WORK INSTRUCTIONS: Using the listing below, set down exactly the lines from the one that contains "Pacific Aqua Pura" through the one that contains "kai Bathing Bubbles (12 oz.)", with no pictures.

EXCERPTED RECORDS:
================

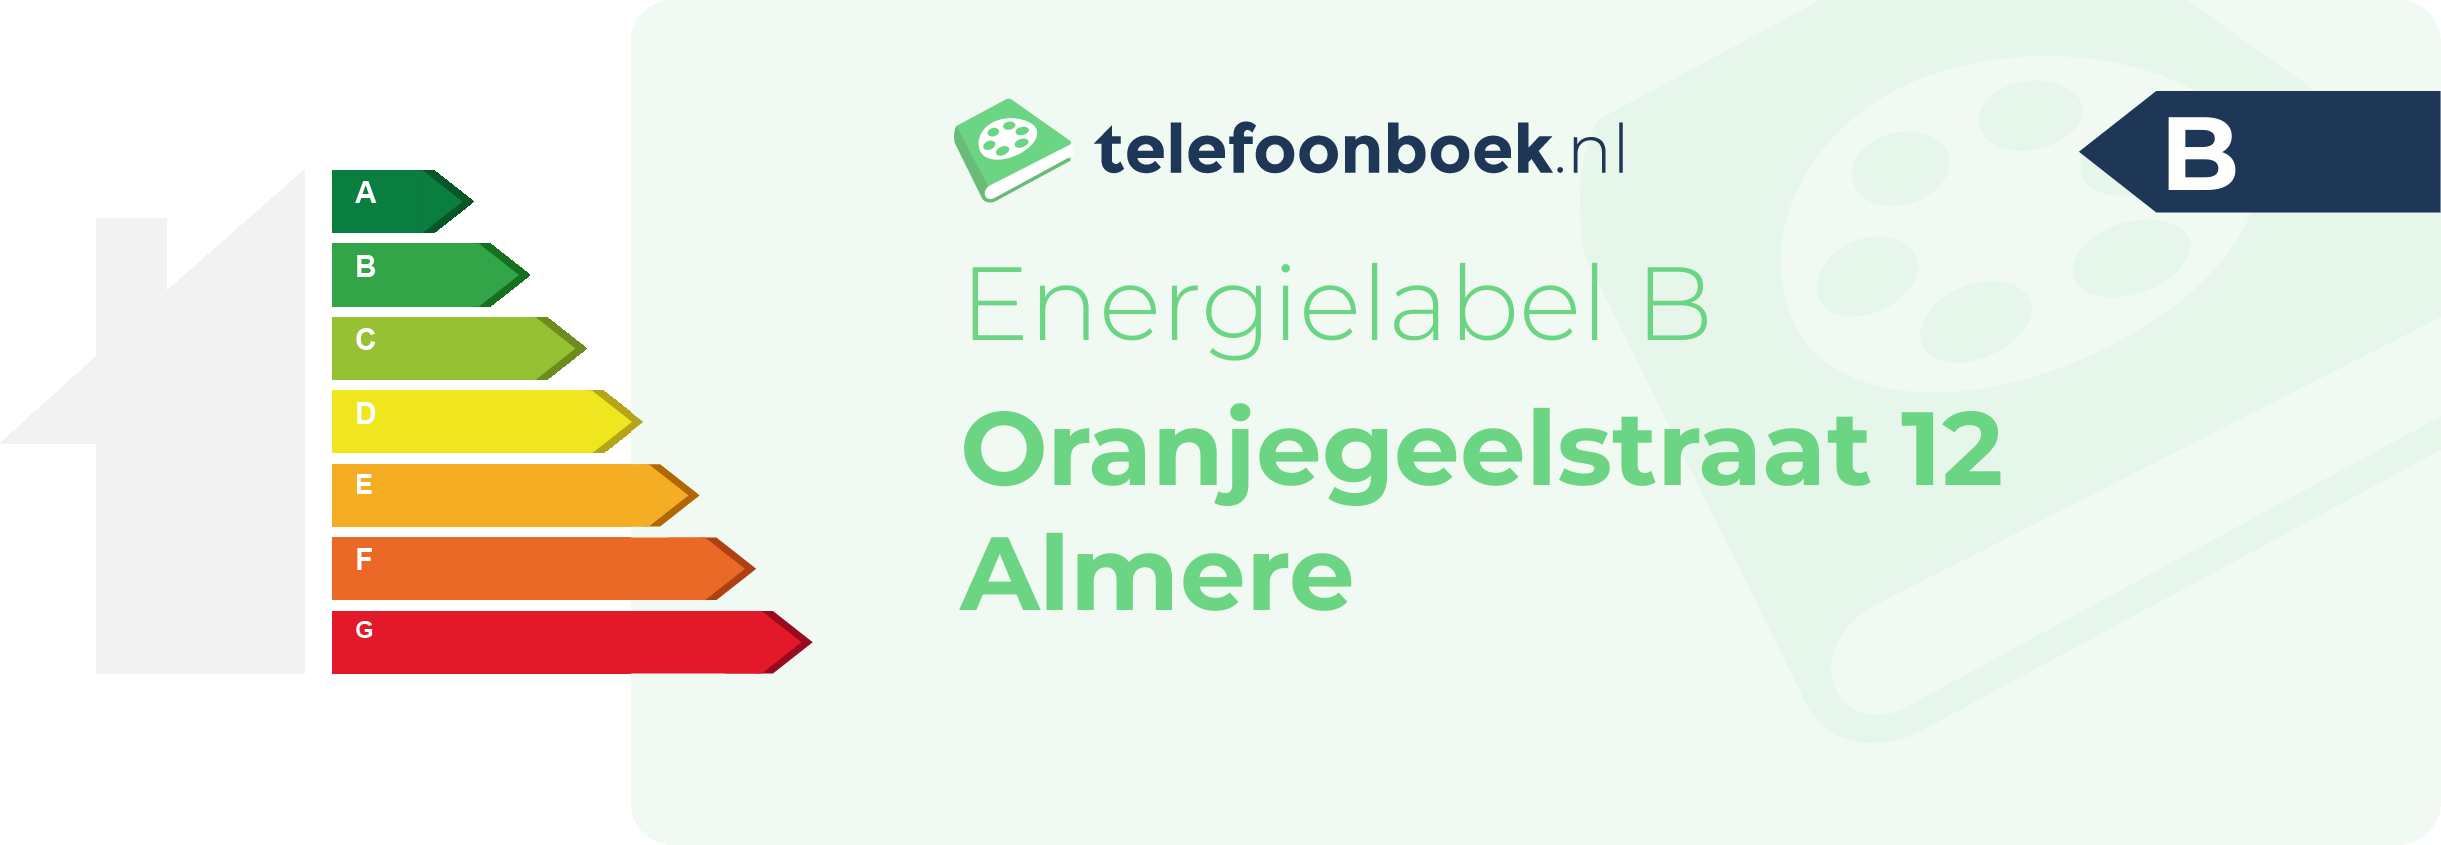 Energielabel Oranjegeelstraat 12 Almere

================

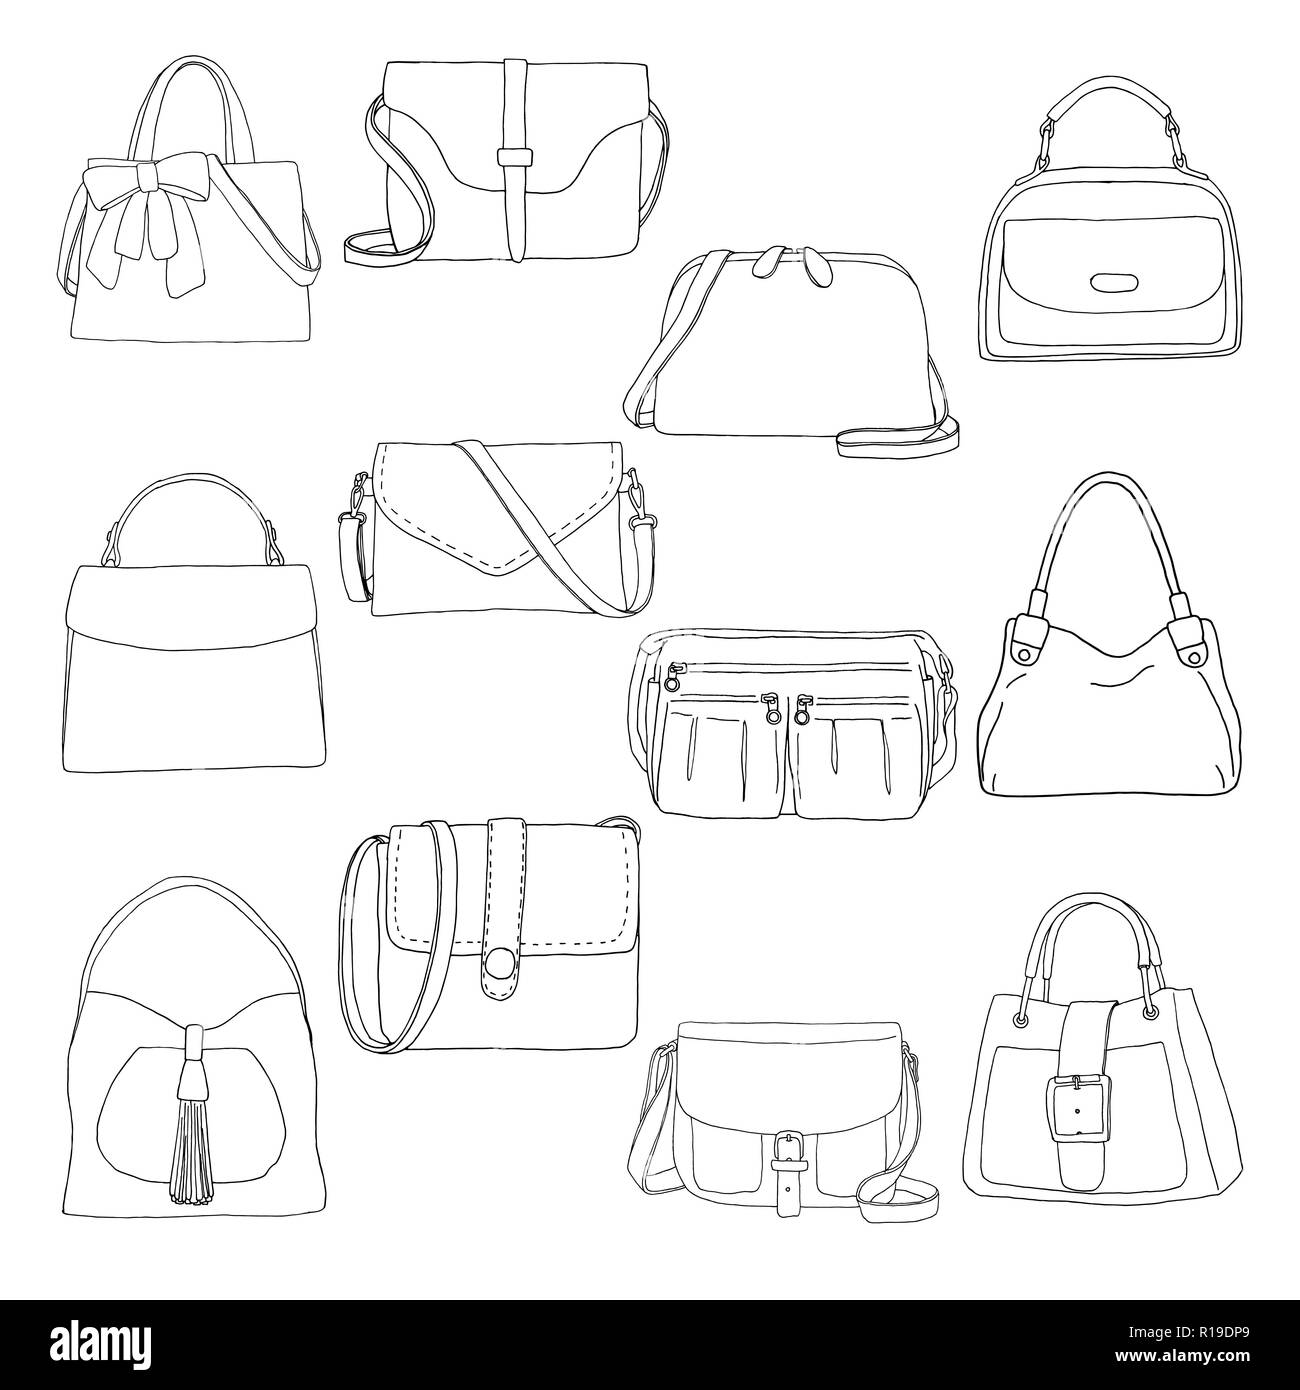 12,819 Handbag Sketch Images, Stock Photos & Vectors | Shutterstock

================

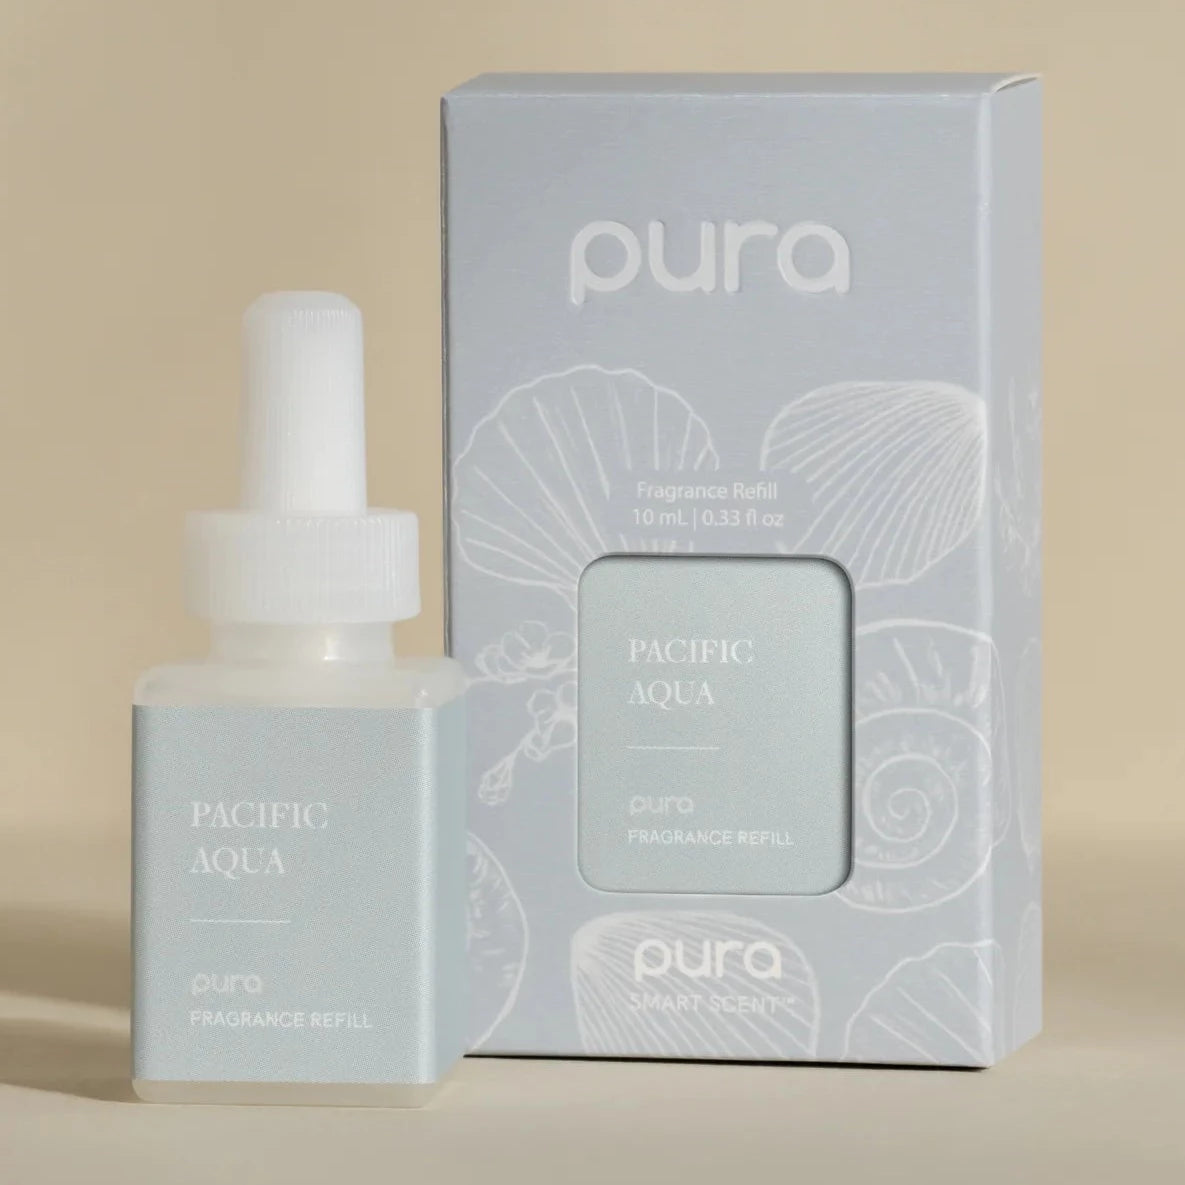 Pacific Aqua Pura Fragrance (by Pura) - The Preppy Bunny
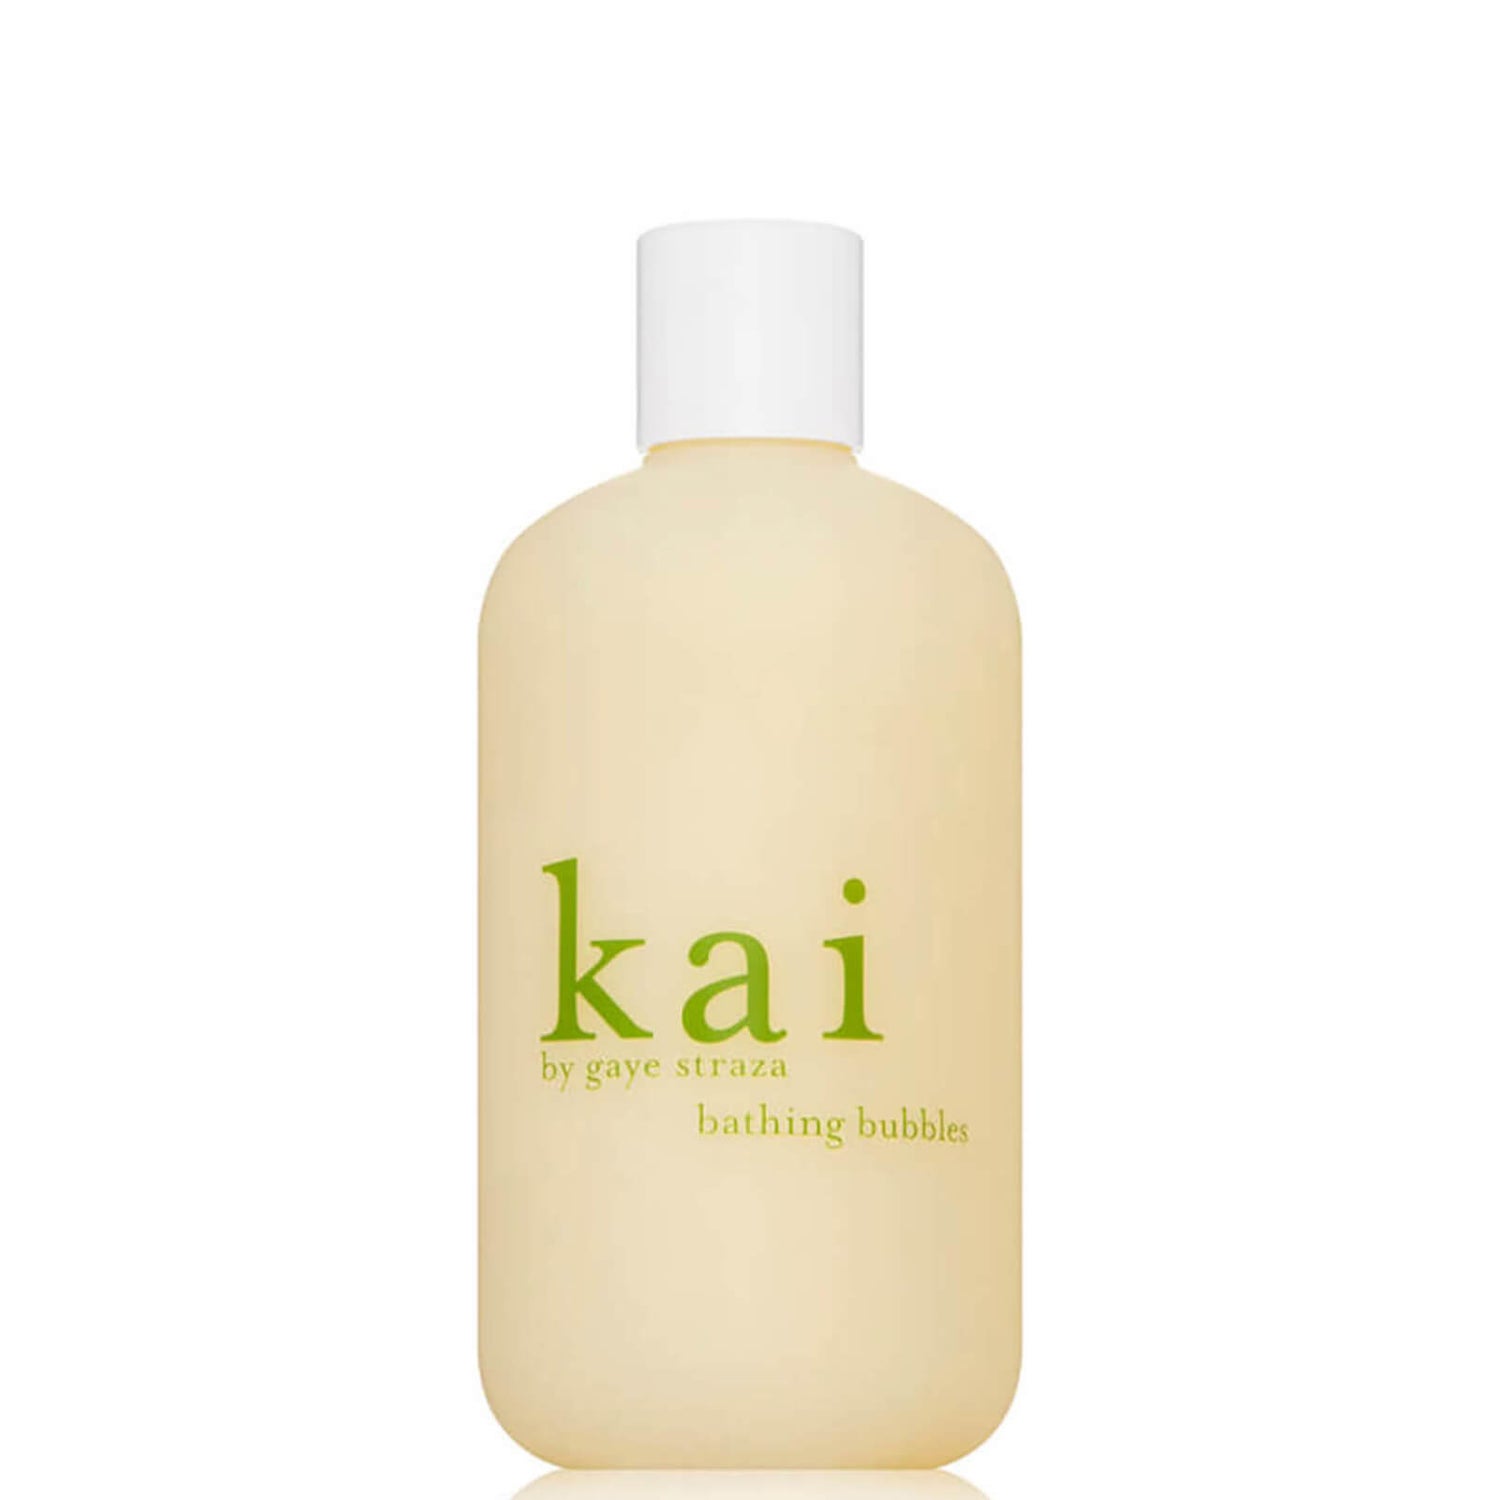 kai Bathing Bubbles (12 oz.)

================

ANSWER FOR THE TASK:
 Pacific Aqua Pura Fragrance (by Pura) - The Preppy Bunny
 kai Bathing Bubbles (12 oz.)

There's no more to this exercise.